From Network Metadata To An AI Systems Graph
The most useful output is not a flat list of destinations. It is a graph:
- Source workload.
- Egress path.
- Provider or destination category.
- Timing.
- Bytes and packets.
- Data systems reached by the same source.
- Vector stores reached by the same source.
- Package or model artifact sources.
- Bedrock principals and model IDs.
- Confidence and limitations.
That graph supports questions security teams actually need to answer:
- Which teams are using AI?
- Which providers are being used?
- Which workloads bypass approved gateways?
- Which workloads combine AI with sensitive data systems?
- Which workloads look like RAG systems?
- Which workloads look agentic?
- Which internal services may be model gateways?
- Where do we need better logging?
The goal is not to perfectly infer every model from network metadata. The goal is to make AI behavior visible enough to prioritize validation and controls.
Controls And Follow-Up
Common follow-up actions include:
- Enable Route 53 Resolver query logs.
- Use one-minute flow-log aggregation.
- Add packet source and packet destination fields.
- Enrich ENIs with service, owner, repo, and environment tags.
- Centralize AI egress through an approved gateway.
- Log Bedrock model invocation details.
- Add proxy or gateway logging for SaaS model providers.

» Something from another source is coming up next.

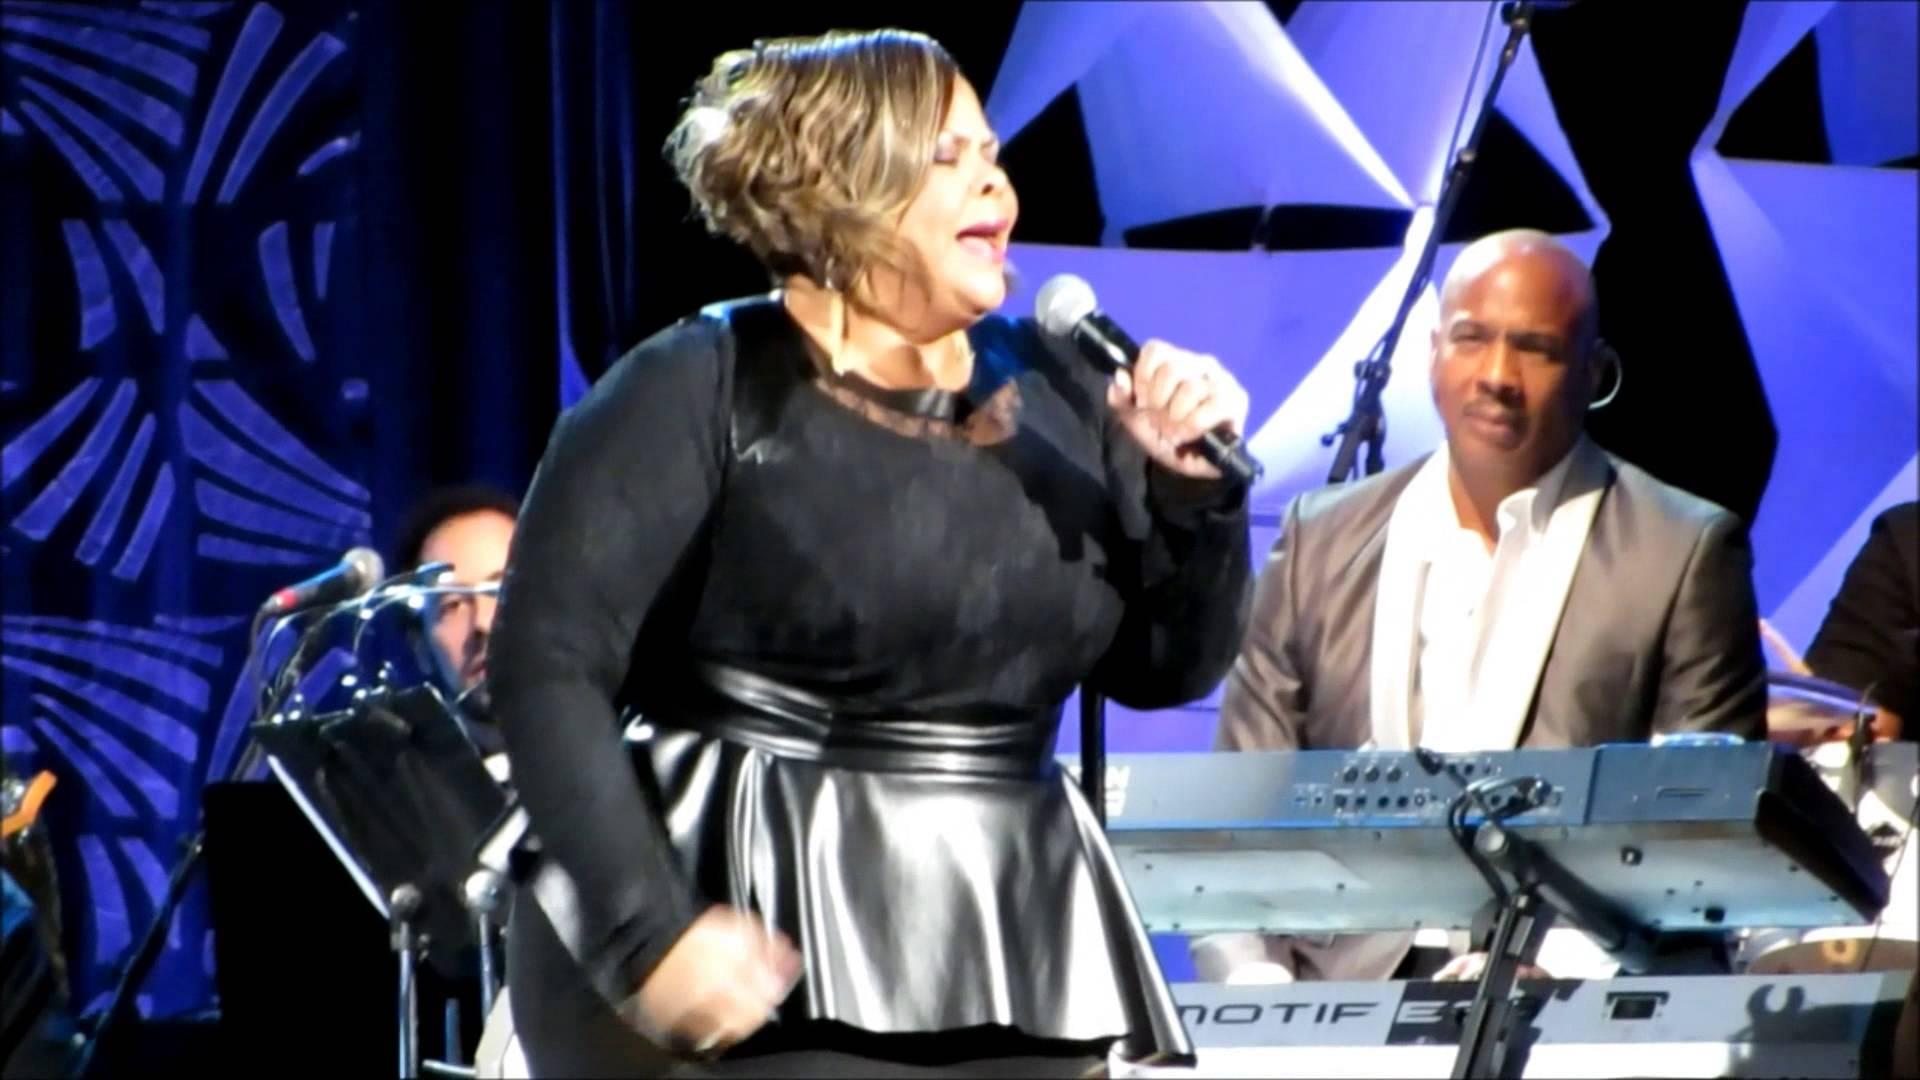 2014 Super bowl Gospel Show – Tamela Mann Take Me To The King (LIVE)
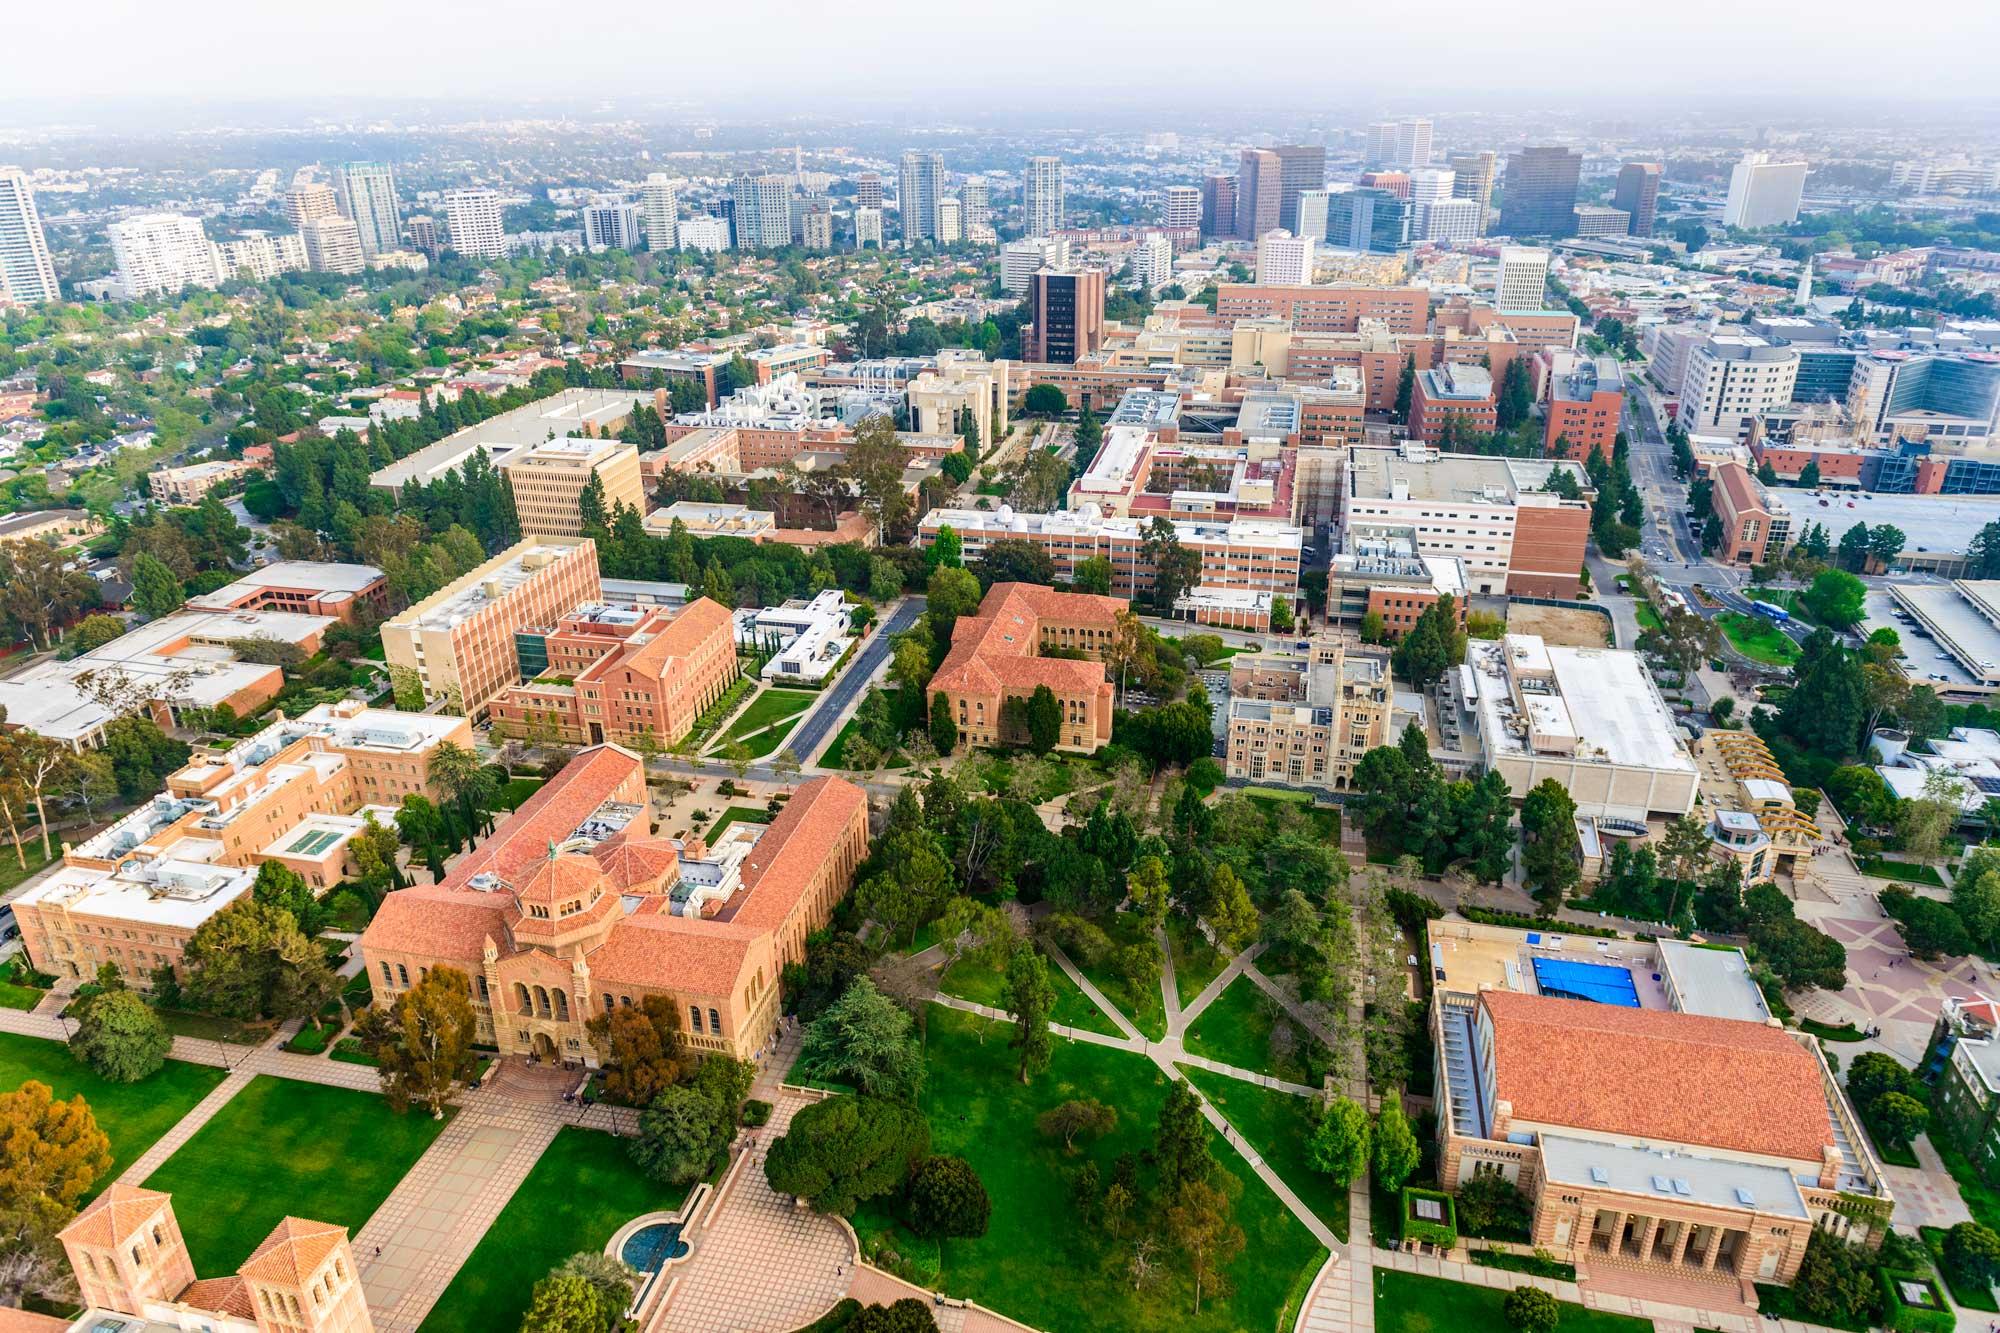 photo - University of California Los Angeles Campus, Aerial View

- Inventory vector stores and internal inference services.
- Monitor first-seen AI destinations.
- Alert on approved-gateway bypass.
- Review workloads that combine AI egress with sensitive data access.
VPC Flow Logs do not replace application telemetry. They give MDR teams a broad, hard-to-avoid network view that can discover runtime AI paths even when the application team has not yet documented them.
That is the value of treating flow logs as part of a shadow-AI discovery program: they turn network metadata into an actionable AI usage map.